**Provided data**
=== Section Start ===

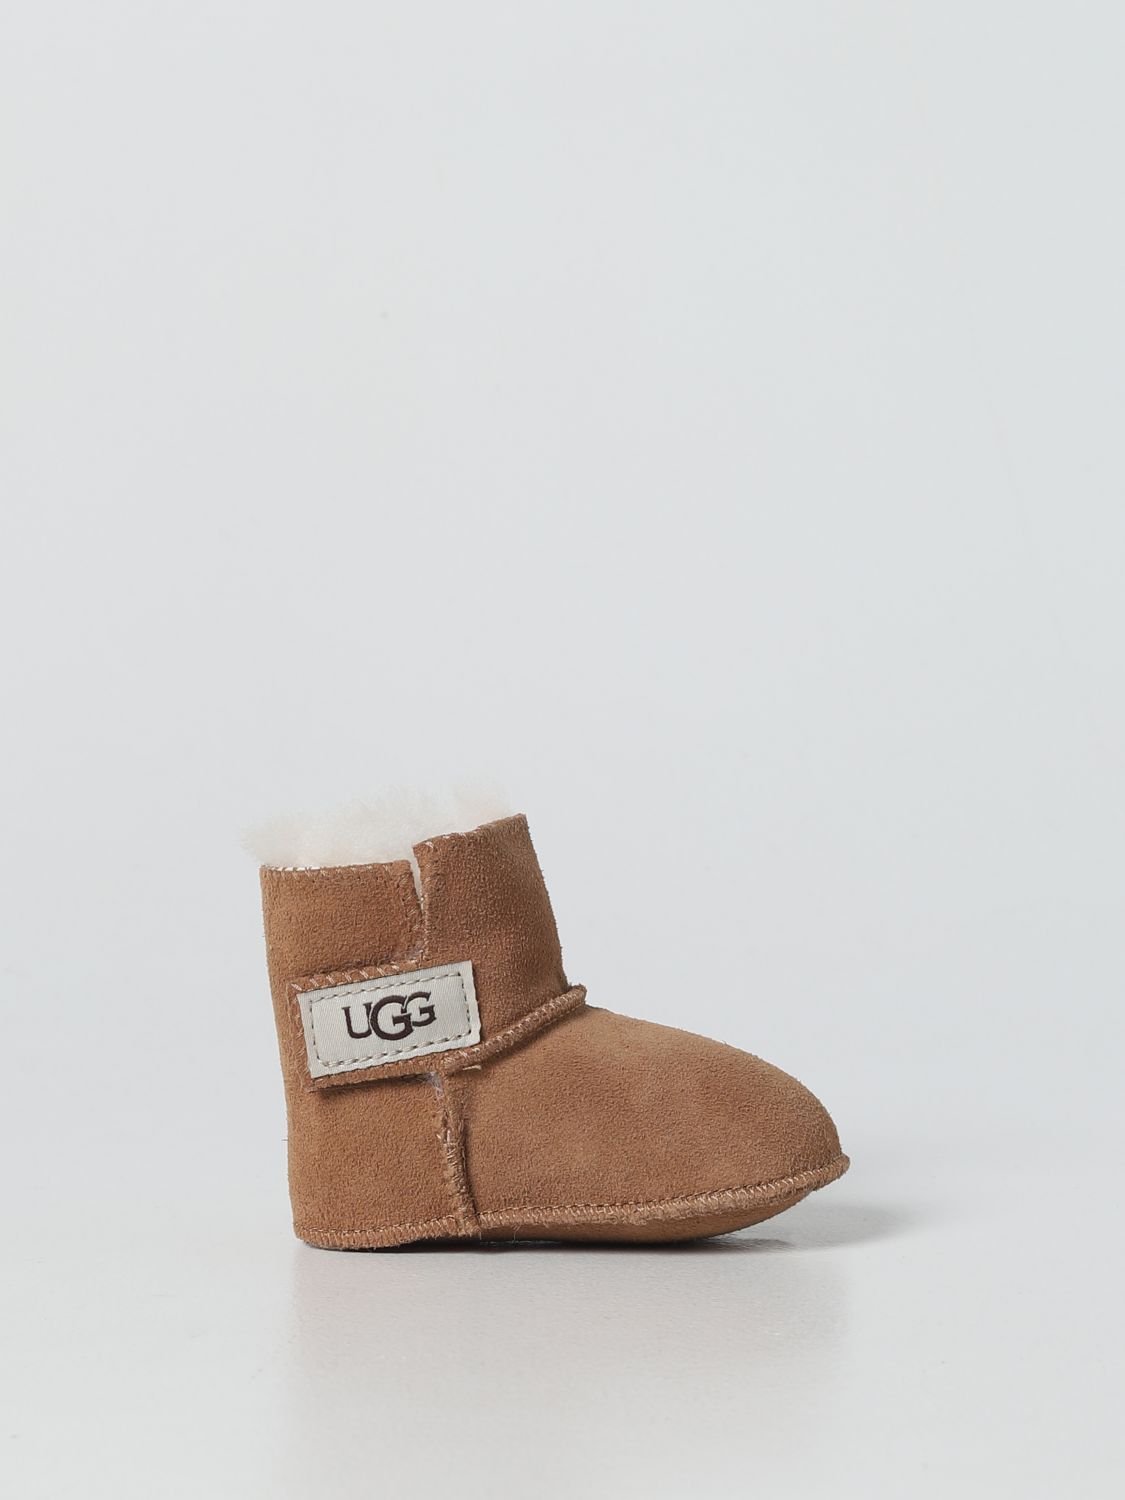 Ugg shoes for baby
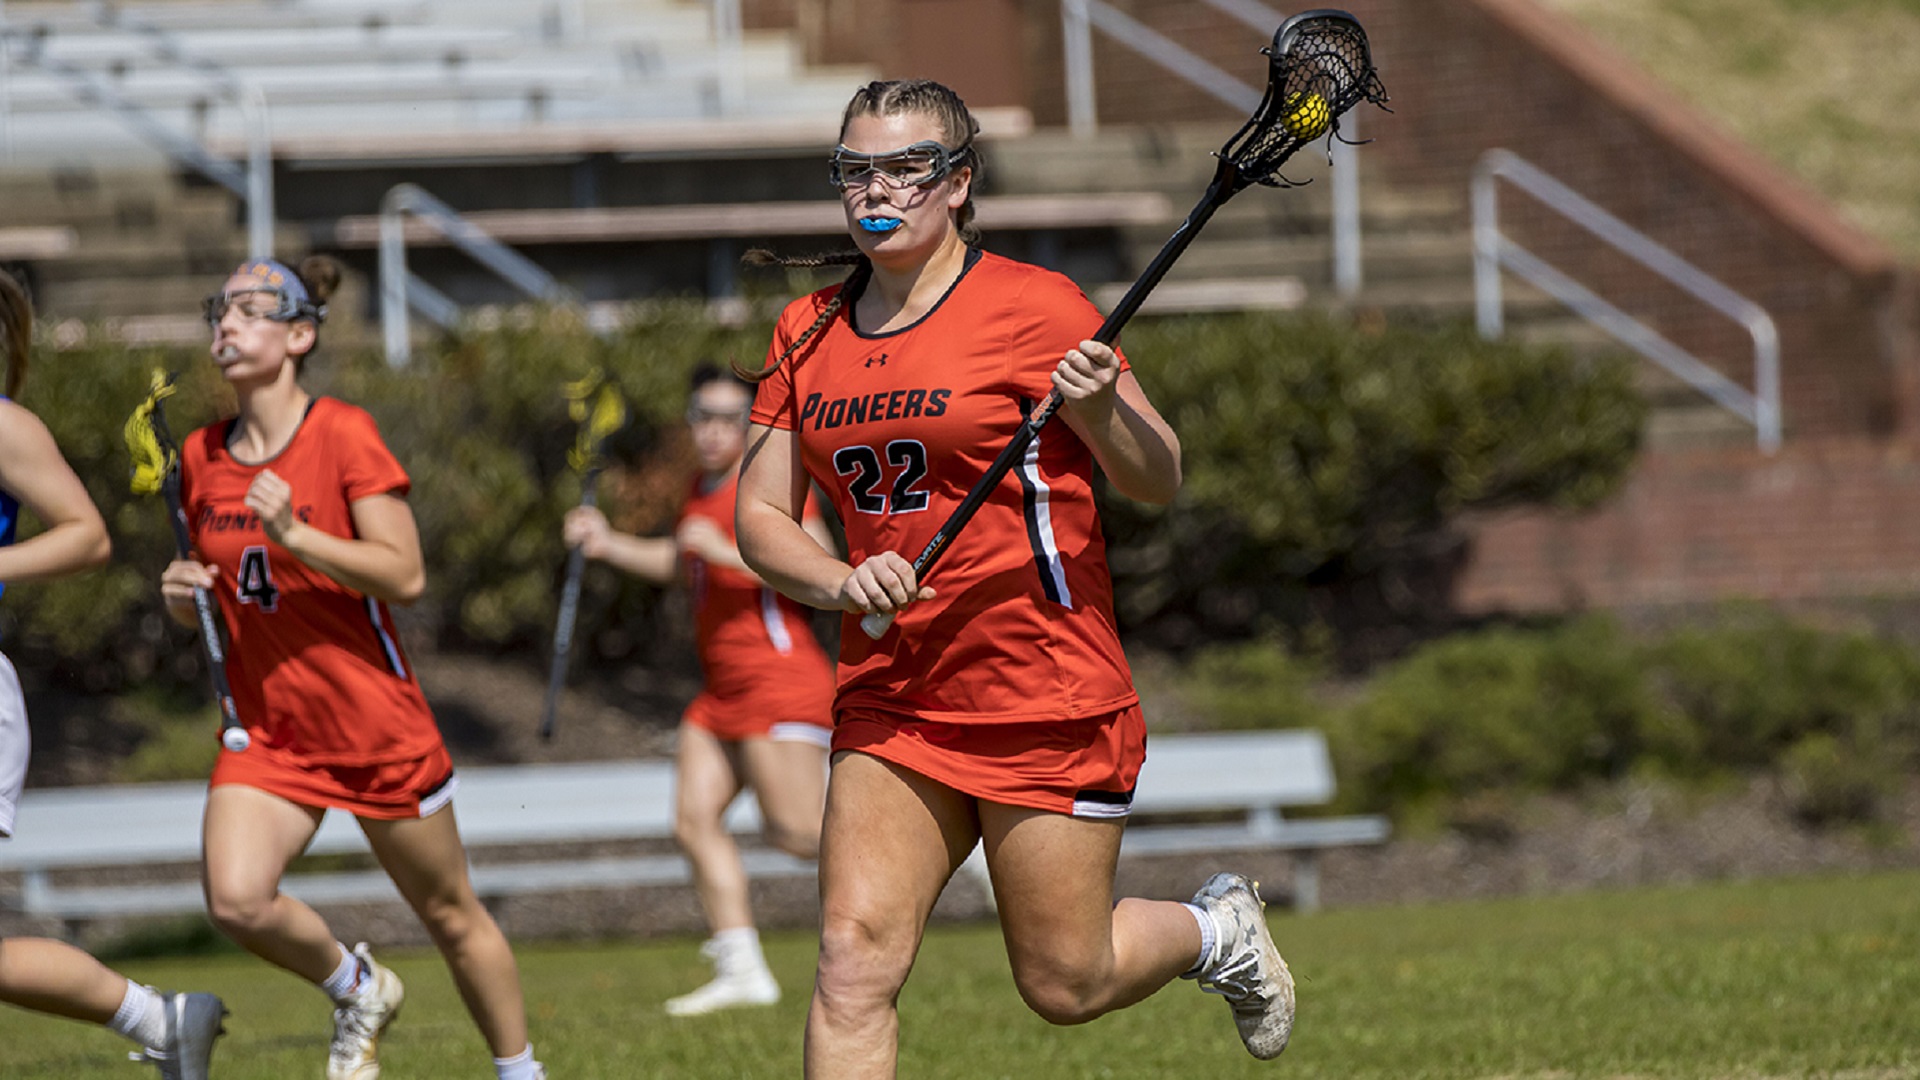 Lucy Brewer had a pair of goals for the Pioneers against Mars Hill (photo by Chuck Williams)
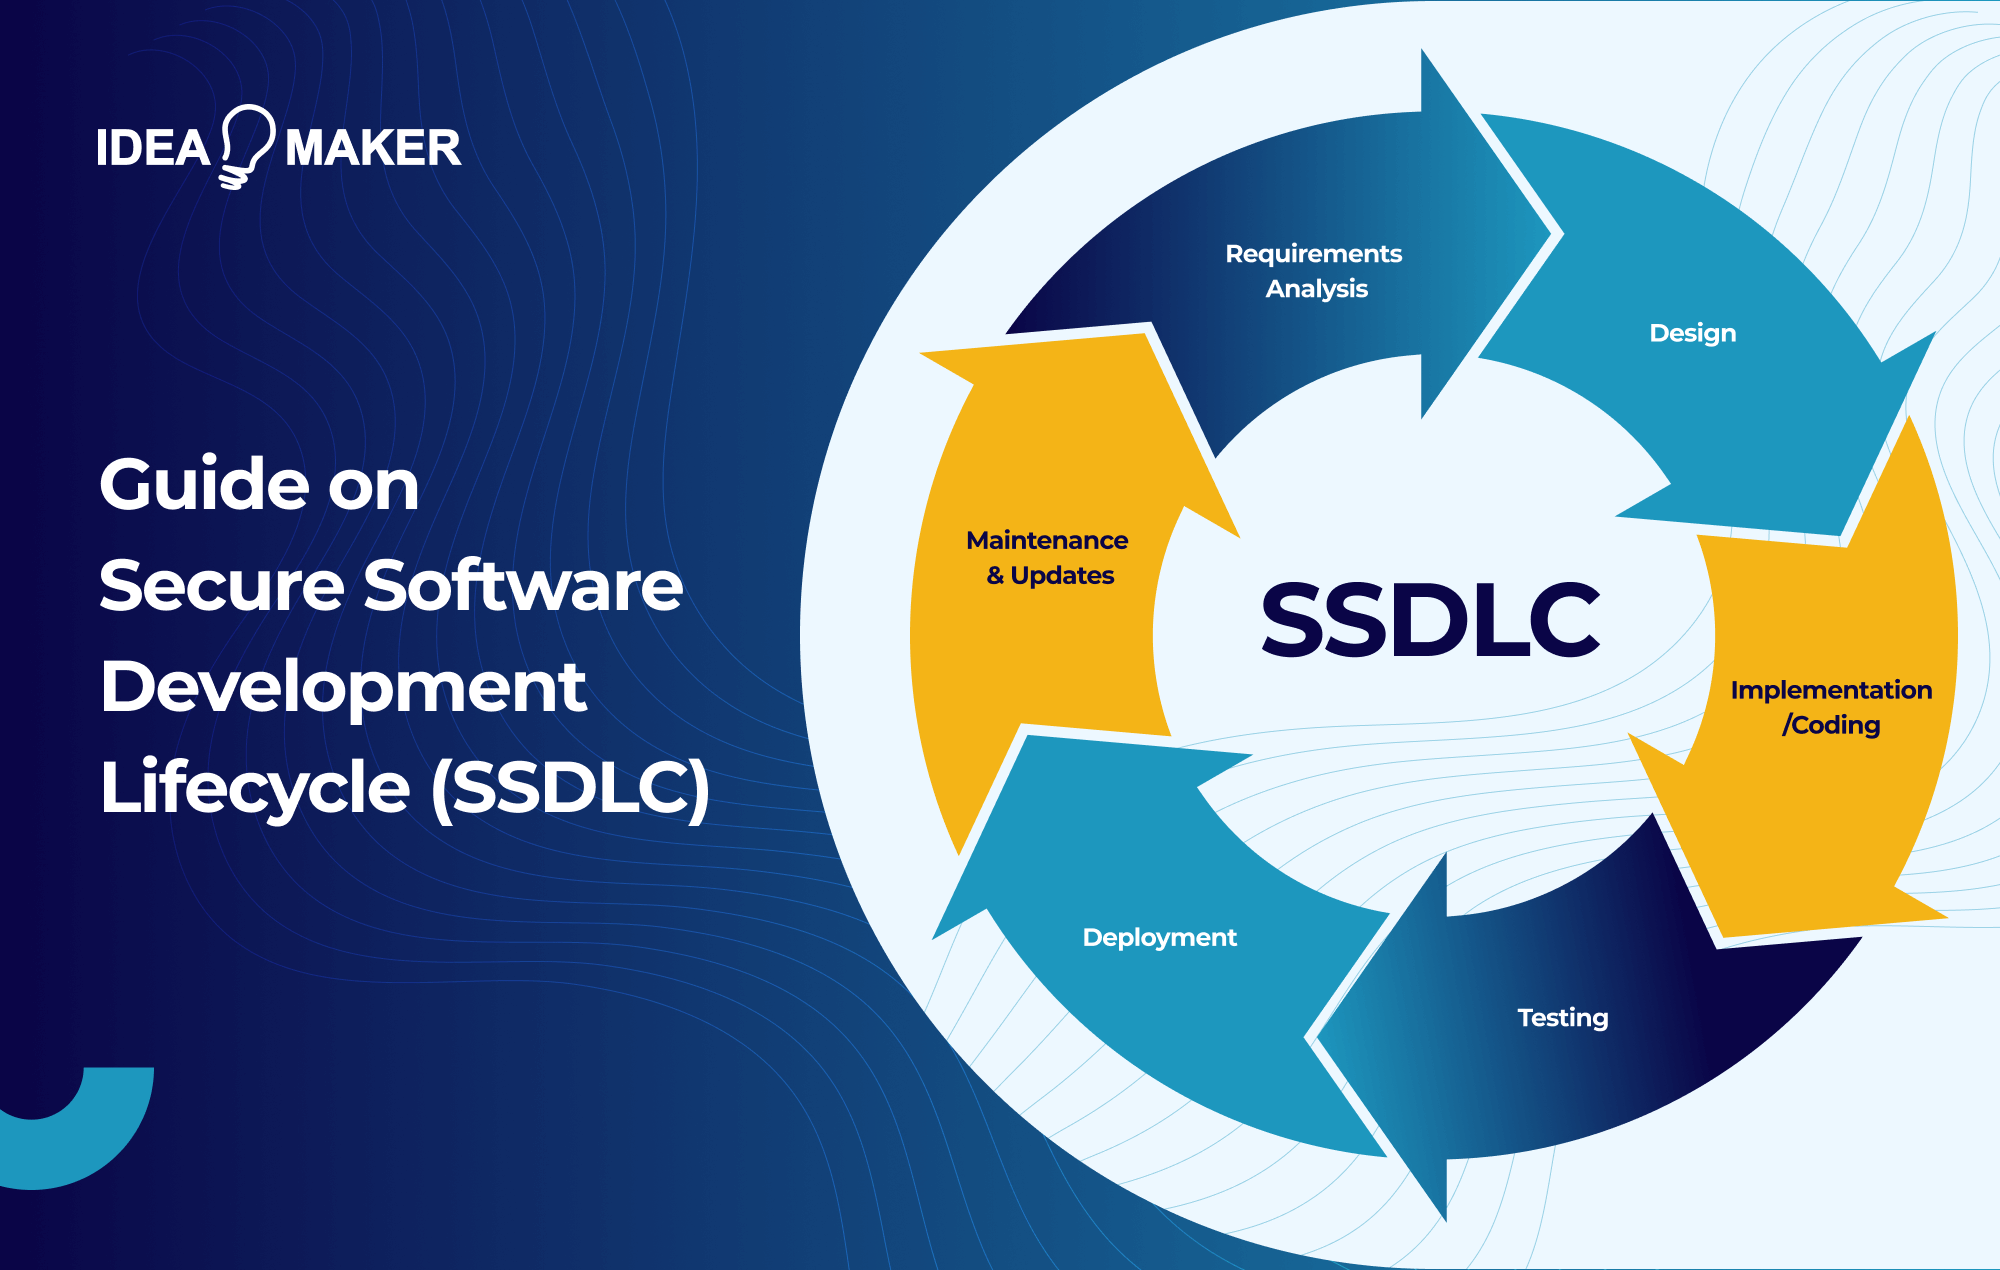 Guide on Secure Software Development Lifecycle (SSDLC)

=== Section End ===

Give back exactly the lines from the one containing "Lucy Brewer had" through the last line above, both included, and none of the pictures.

 Lucy Brewer had a pair of goals for the Pioneers against Mars Hill (photo by Chuck Williams)
 Guide on Secure Software Development Lifecycle (SSDLC)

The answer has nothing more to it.